L’album omonimo dei Qvintessence – disponibile anche in 33 giri per gli amanti del vinile – si apre con il singolo Ghost, che sembra in tutto e per tutto un’aperta dichiarazione d’intenti: “eccoci qua, siete pronti?“. La voce di Francesco Grandi si impone fin dai primi secondi, supportata da una sezione ritmica sfacciata (Giacomo Calabria alla batteria e Luca Nicolasi al basso), mentre la chitarra di Omar Macchione ricama tessiture grunge, alternando sapientemente dinamiche in netta contrapposizione.

Tenete bene a mente la parola “grunge”. Spesso si tende ad etichettare una band con un genere, non rendendosi però conto che la musica di matrice americana ha così tante sfaccettature da essere influenzata ed influenza, al tempo stesso. E per i Qvintessence è proprio così…

Nella frazione di secondi che intercorre tra Ghost Bandog, la band bolognese compie un vero e proprio teletrasporto, raggiungendo la costa opposta degli Stati Uniti. Un viaggio lungo – nella realtà – più di 45 ore quello che divide Seattle con Boston, ma sulle note di Bandog veniamo proiettati in un’atmosfera di Aerosmithiana memoria, che richiama la scintillante rabbia rock’n’roll di Pump Toys in the Attic. Non c’è spazio per respirare, non c’è tempo per guardarsi indietro, con una sezione ritmica così tight da non far rimpiangere Kramer & Hamilton. Sono lampi nel cielo, fotografie mosse di un viaggio troppo veloce per essere raccontato, quello che porta a Bee. 

Muhammad Alì diceva “Float like a butterfly. Sting like a bee” e sembra che questa massima calzi a pennello anche per questo brano. Up and downs riportano l’ascoltatore fuori dalla comfort zone e questa pratica si sa è propria dei maestri del grunge. Siamo nel territorio dei Mother Love Bone e Layne Staley, non proprio gente che ti fa sentire al sicuro, ma che allo stesso tempo riesce a farti amare ogni singolo cazzotto che ti arriva sullo stomaco.

Qvintessence non è un disco per deboli di cuore

La title track Qvintessence si nutre dei cambi repentini di dinamica, che fanno sprofondare in un baratro spettrale per poi proiettare verso l’alto in un ascensore impazzito di emozioni.

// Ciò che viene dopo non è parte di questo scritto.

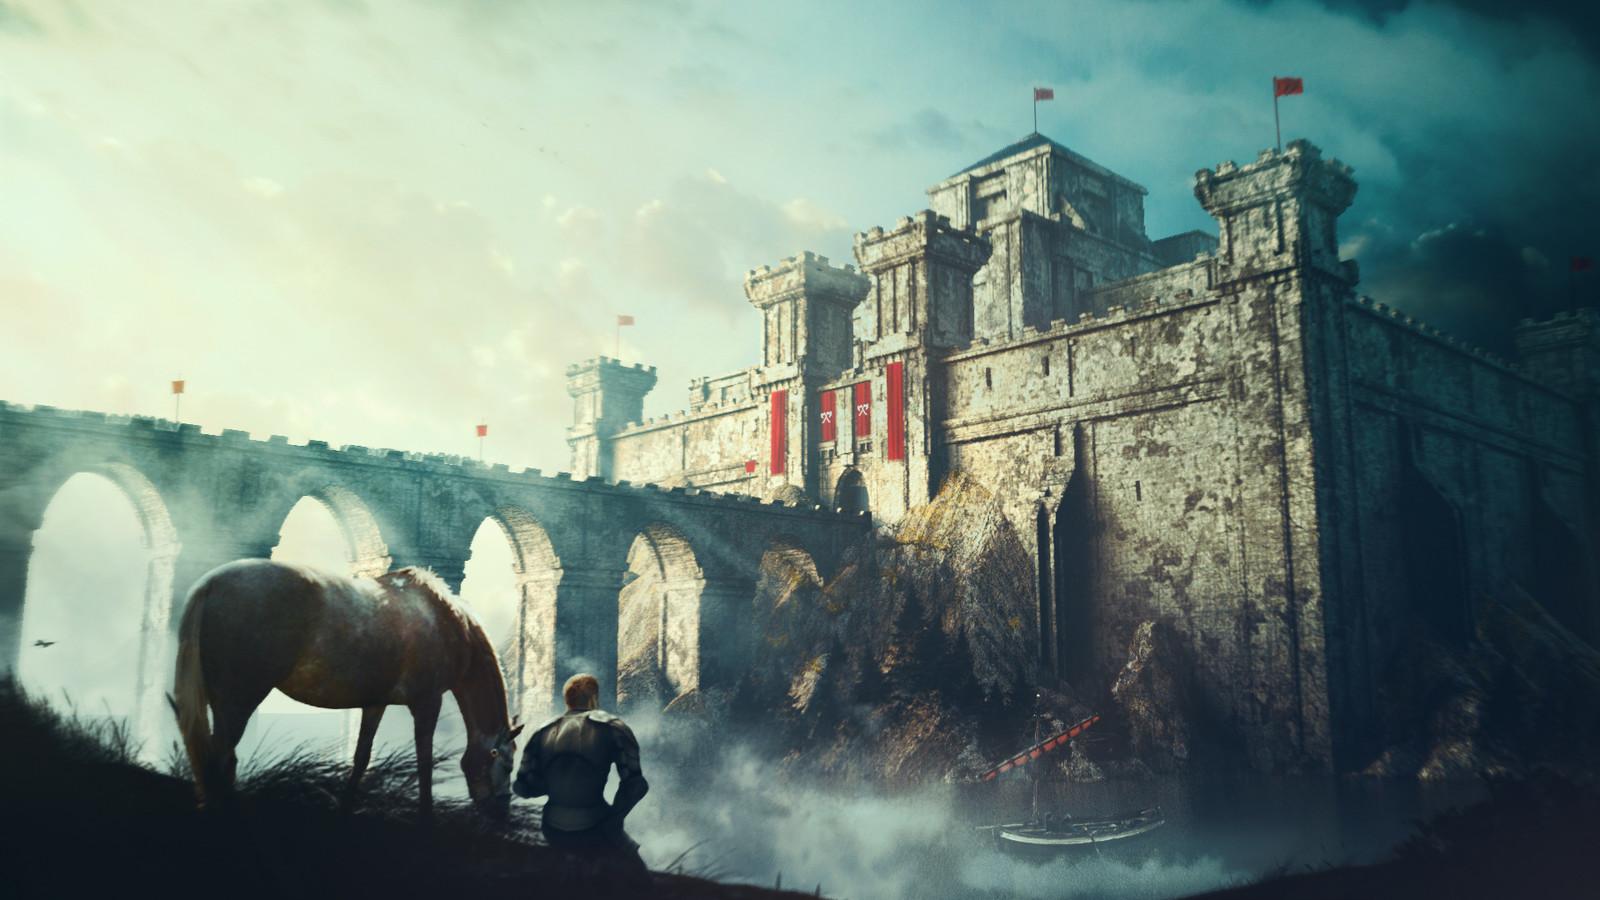 Medieval castle concept

Bisogna arrivare alla parte centrale del disco per fermare questo ascensore e restare per qualche minuto in cima: Not Against Me, Focus on the Crash, You know I’m right e I want it mine riprendono la tradizione hard rock a stelle e strisce, svariando dal clima “swag” dei Buckcherry fino ai riff decisi di un certo Tom Morello. Per chi è cresciuto con un certo tipo di sonorità in corpo, è impossibile rimanere fermi…se poi aggiungiamo il rock anthem God Damn abbiamo un quadro completo di ogni sfaccettatura dei Qvintessence. Da un lato una band dai riferimenti ricercati, dall’altro degli animali da palco che trasmettono tutta l’adrenalina di un live attraverso i solchi di un vinile.

One Like Me rappresenta la giusta chiusura di un cerchio all’interno dell’album o meglio, non è un caso che l’accordo finale sembra voler dire “ci sono ancora tante altre porte aperte, tanti mondi da esplorare, troppe cose da dire…ma per il momento riprendiamo fiato”. 

Qvintessence è più che un ottimo album di rock. In un’era in cui i dischi vengono registrati on the box e le band si ritrovano a scrivere musica davanti ad uno schermo, la band emiliana alza l’asticella creando qualcosa destinata a rimanere ed essere attuale anche tra 20 anni. I Qvintessence si posizioneranno sul mercato come la nuova promessa dell’indie italiano? Sicuramente no, ma possono dire la loro al Whiskey A Go Go o al Rock Im Ring e di questi tempi non possiamo che esserne fieri.

Hey Hey, My My, Rock’n’Roll will never die (ed il resto va da se, chi è cresciuto con il grunge sa di cosa parlo).